Пайпер пристально смотрела на нее:
– Через сорок пять минут придет мать Джорджии Ру. Этого времени тебе хватит, чтобы все рассказать?
– С лихвой. – Джекки начала с осмотра тел в похоронном бюро. Описала похожие отметины на лице Коггинса и золоченый бейсбольный мяч, который видел Расти. Глубоко вдохнула, прежде чем перейти к своему плану освобождения Барби во время чрезвычайного городского собрания. – Хотя я понятия не имею, где мы его спрячем, если нам и удастся вытащить его из тюрьмы. – Она пригубила чай. – Так что ты думаешь?
– Пока собираюсь налить себе еще чаю. А тебе?
– Мне хватит, спасибо.
Пайпер подошла к спиртовке.
– Твой план очень опасен – сомневаюсь, что мне надо тебе это говорить, – но, возможно, нет другого способа спасти жизнь невинного человека. Я ни на секунду не верила, что Дейл Барбара виновен в этих убийствах, а после моих непосредственных контактов с местными копами совершенно не удивлюсь, если они его расстреляют, лишь бы не позволить ему взять власть. – А потом, сама того не зная, она продолжила мысль Барби: – Ренни в будущее не заглядывает, и копы – тоже. Их сейчас волнует только одно – кто царь горы? С таким образом мышления ждать можно только беды. – Она вновь села за стол. – С того дня, как вернулась в город, чтобы стать пастором, о чем я мечтала с детства, я знала, что Джим Ренни – эмбрион монстра. А теперь – уж ты прости мелодраматический оборот – монстр родился.
– Слава Богу!
– Ты благодаришь Бога за рождение монстра? – Пайпер улыбнулась и вскинула брови.

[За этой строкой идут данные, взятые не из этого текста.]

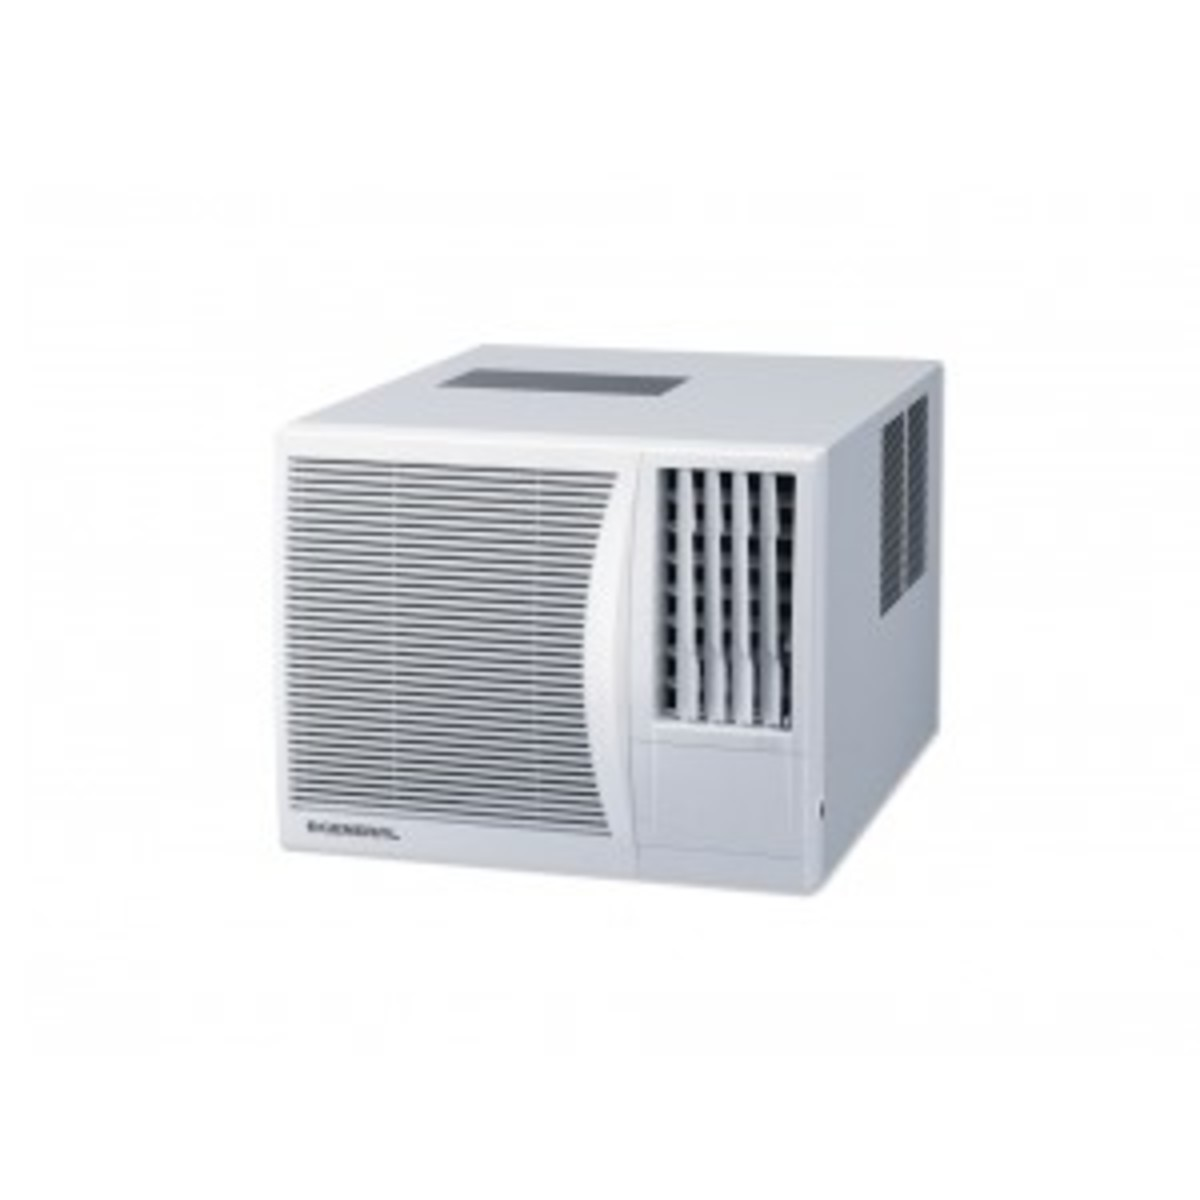 AKWA7FNR 3/4 HP Window Type Air Conditioner G1
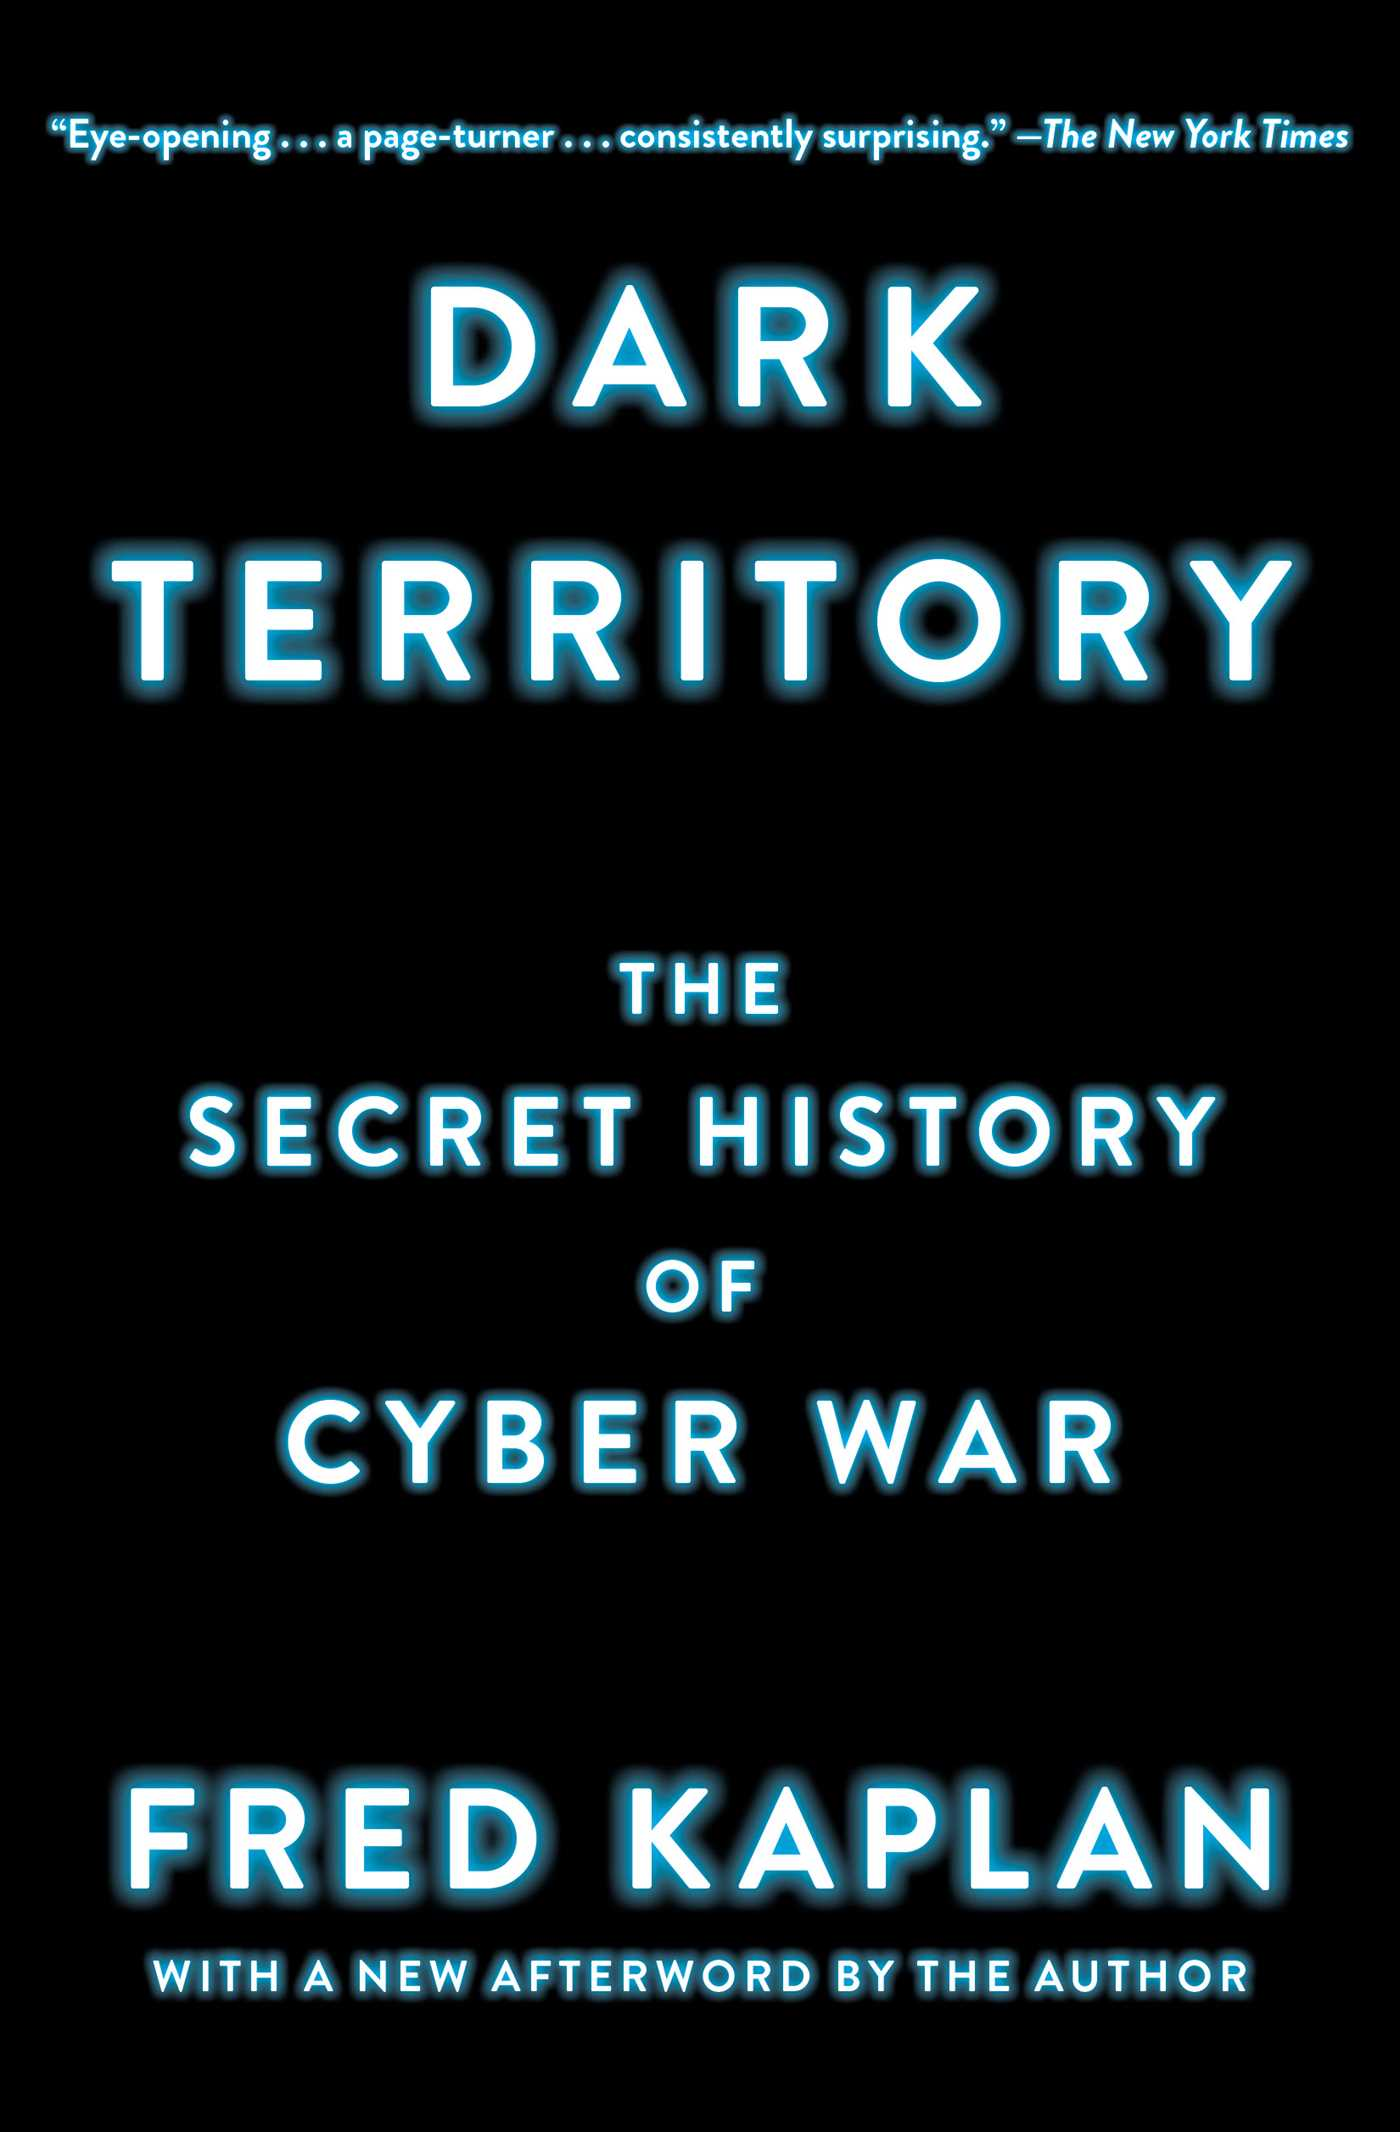 Dark territory 9781476763262 hr

– Нет, слава Богу, ты со мной согласна.
– Но ты сказала еще не все, так?
– Не все, если, конечно, ты не откажешься в этом участвовать.
– Дорогая, я уже участвую. Если тебя можно посадить за подготовку, то меня – за то, что я знала и не донесла. Мы теперь, как любит говорить наше правительство, «доморощенные террористы».
Джекки промолчала.
– Ты думаешь не только об освобождении Дейла Барбары, так? Ты хочешь организовать активное движение сопротивления?
– Полагаю, что да. – Джекки рассмеялась, но в ее смехе слышалась беспомощность. – После шести лет службы в армии США я такого от себя не ожидала… всегда выполняла приказы. Тебе приходило в голову, что Купол может не исчезнуть? Ни этой осенью, ни зимой? Может, и в следующем году? Может, простоит и до конца нашей жизни?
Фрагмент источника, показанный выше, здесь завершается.